Choose VOC-free paints

If you’re planning on getting your home decorated or doing some DIY, go for nontoxic paint, varnishes, fillers and other products with the lowest VOC levels you can find. VOCs—volatile organic compounds—are chemicals that readily release vapors at room temperature. They’re a major contributor to indoor air pollution and have been linked to a range of short- and long-term health effects, from headaches, dizziness and memory problems1 to asthma, eczema and poor sperm quality.2 Several VOCs, such as benzene and formaldehyde, are recognized carcinogens, and others are suspected carcinogens.3

The good news is that a number of companies now offer paints and other decorating products that are free or virtually free of VOCs as well as other toxic chemicals like phthalates and heavy metals. 

In the US, try Bioshield (www.bioshieldpaint.com), Ecos Paints (www.ecospaints.net) and EarthSafe Finishes (www.earthsafefinishes.com). Lakeland Paints (www.lakelandpaints.co.uk) and Earthborn (www.earthbornpaints.co.uk) are good options in the UK. For nontoxic, solvent-free paint strippers, coating removers and heavy-duty cleaners check out international brand Eco Solutions (www.ecosolutions.co.uk), known as MAX Strip in the US (www.maxstrip.com).

Look out for lead

Another word of caution if you’re decorating your home or upcycling vintage furniture: watch out for lead. This highly toxic heavy metal could be hiding in old paintwork and varnish. Before sanding suspect surfaces, get a lead testing kit, such as those offered by 3M and Abotex. If lead is present, here are some tips for dealing with it safely:

  • If paintwork is in good condition, you can simply seal it in with an overcoating of modern, lead-free paint. 
  • If paintwork or varnish is in bad condition and needs to be removed, make sure you don’t use methods that create dust or fumes, such as dry sanding or a heat gun. Try a solvent-free water-based paint stripper instead, such as Eco Solutions Home Strip
    (www.ecosolutions.co.uk), known as MAX Strip Paint & Varnish Stripper in the US (www.maxstrip.com). Or call in an experienced professional. 
  • Always wear protective clothes, gloves and a face mask (suitable for lead particles), and remember to dispose of the removed paint or varnish in a sealed container and vacuum and clean the area thoroughly afterward.  

Ditch the plastic

Storage jars and containers are a great way to get organized in the kitchen, but choose glass or stainless steel rather than plastic to store food and drinks. Harmful chemicals like bisphenol A (BPA) and phthalates can leach from plastic containers into the substance inside, and ultimately end up in your body, where they may have hormone-disrupting effects.4

Also consider organic cotton produce bags to store fruit and vegetables (try Vejibags, available from www.vejibag.com in the US and www.biggreensmile.com in the UK), and unbleached paper as an alternative to plastic wrap and sandwich bags (If You Care has a great range, widely available in health food stores and online). And if you buy food or drinks in plastic packaging, transfer them to a plastic-free container when you get home.

Clean without the mean

A thorough clean is a great way to refresh your home for the new year, but go for natural, nontoxic cleaning products rather than conventional ones, which are usually chock-full of harmful chemicals. 

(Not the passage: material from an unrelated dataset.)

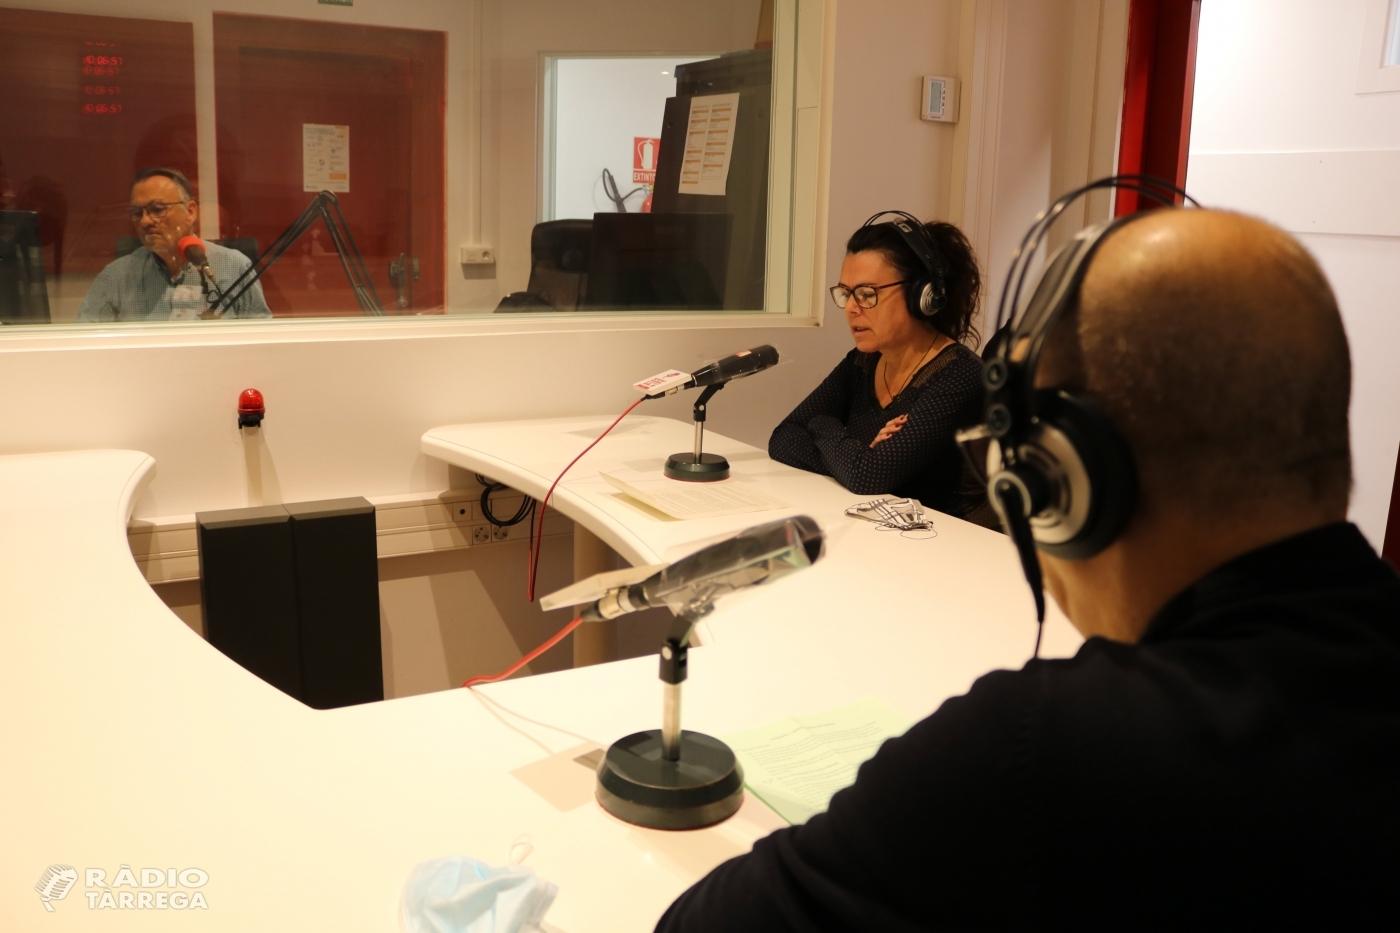 Veu a les veus inicia segona temporada a Ràdio Tàrrega coincidint amb la setmana del Dia Mundial de la Salut Mental

One study found that 10 to 20 years of cleaning at home or for work is as bad for the lungs as smoking a pack of cigarettes a day for the same amount of time.5 Exposure to cleaning products has also been linked to asthma, heart problems, breast cancer and more.6

Safer, natural cleaning products are now available from companies with strict ingredient policies. Try Attitude, ECOS, Miessence, Bio D and Tincture, or check out E-cloth for a range of microfiber cleaning cloths designed to be used with just water (all available online or from health food stores). Alternatively, you can make your own solutions using ingredients like vinegar, baking soda, lemon juice and essential oils.

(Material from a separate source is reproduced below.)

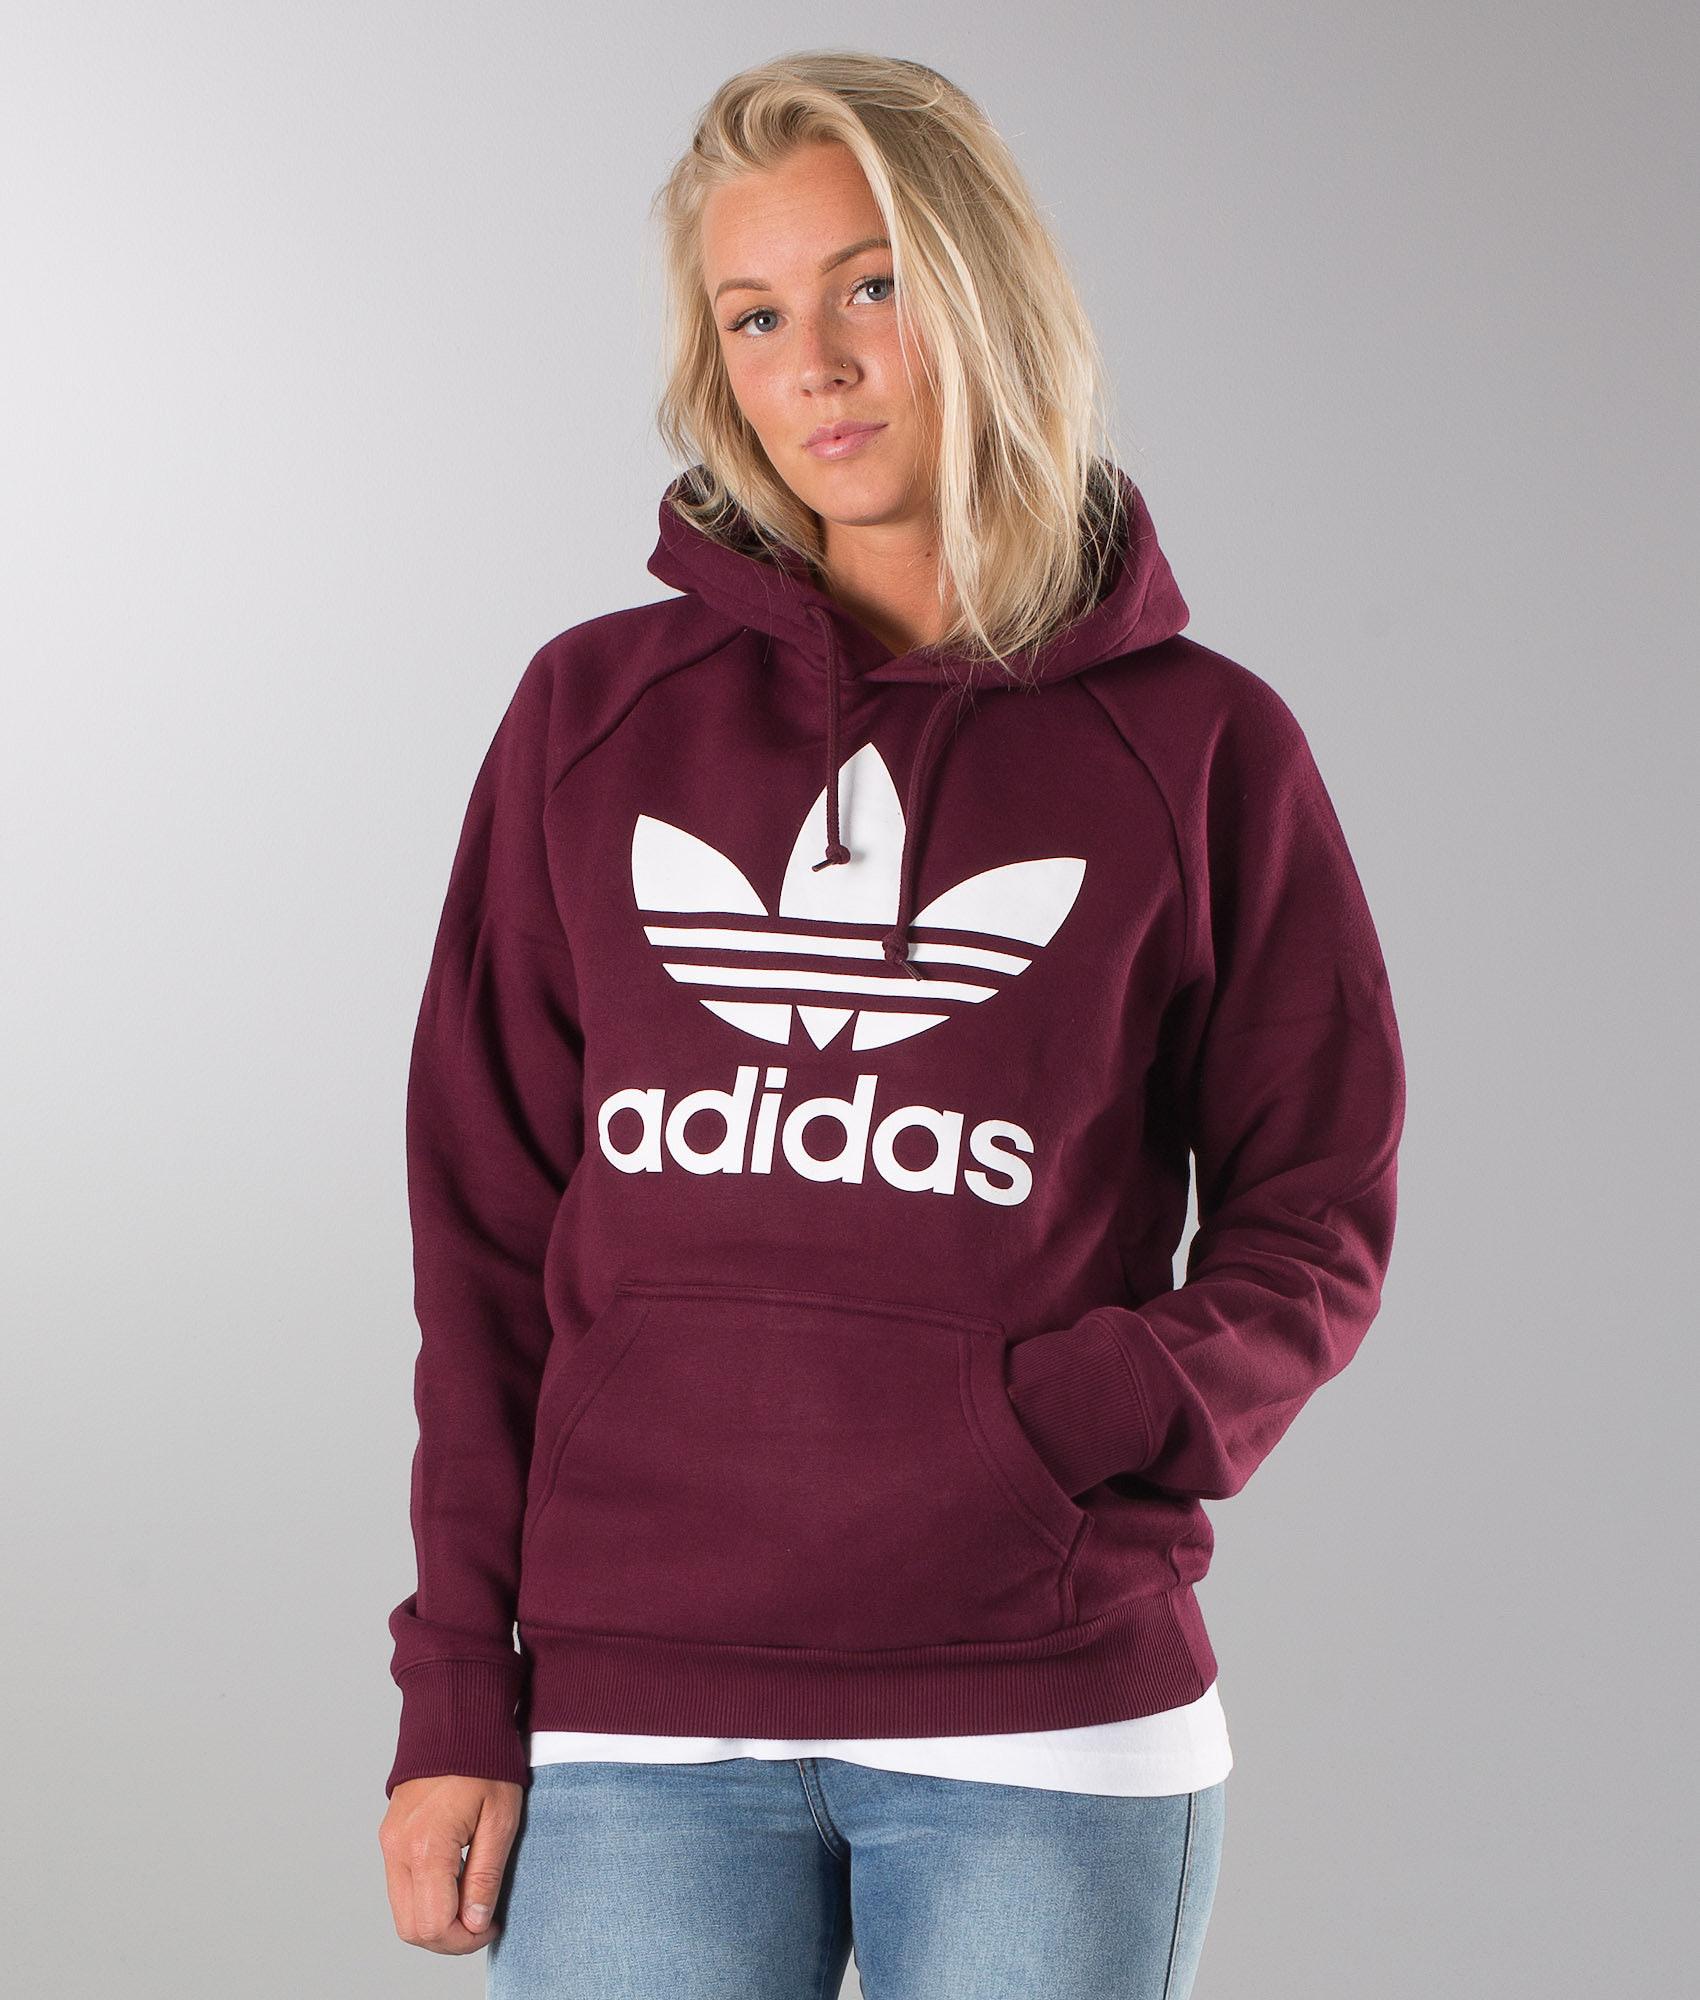 0d871650 Adidas Originals Trefoil Unisex Hoodie Maroon - Ridestore.com

Go for natural home furnishings  

New furniture, rugs, bedding, throws, curtains and cushions can transform your home, and there are always great bargains to be had in the January sales. But try to choose natural materials free of chemical treatments whenever possible. Fabrics with added flame-retardants, stain-proofing, moth-proofing and anything labeled “permanent press” or “wrinkle-resistant” will inevitably bring a long list of potentially harmful chemicals into your home. 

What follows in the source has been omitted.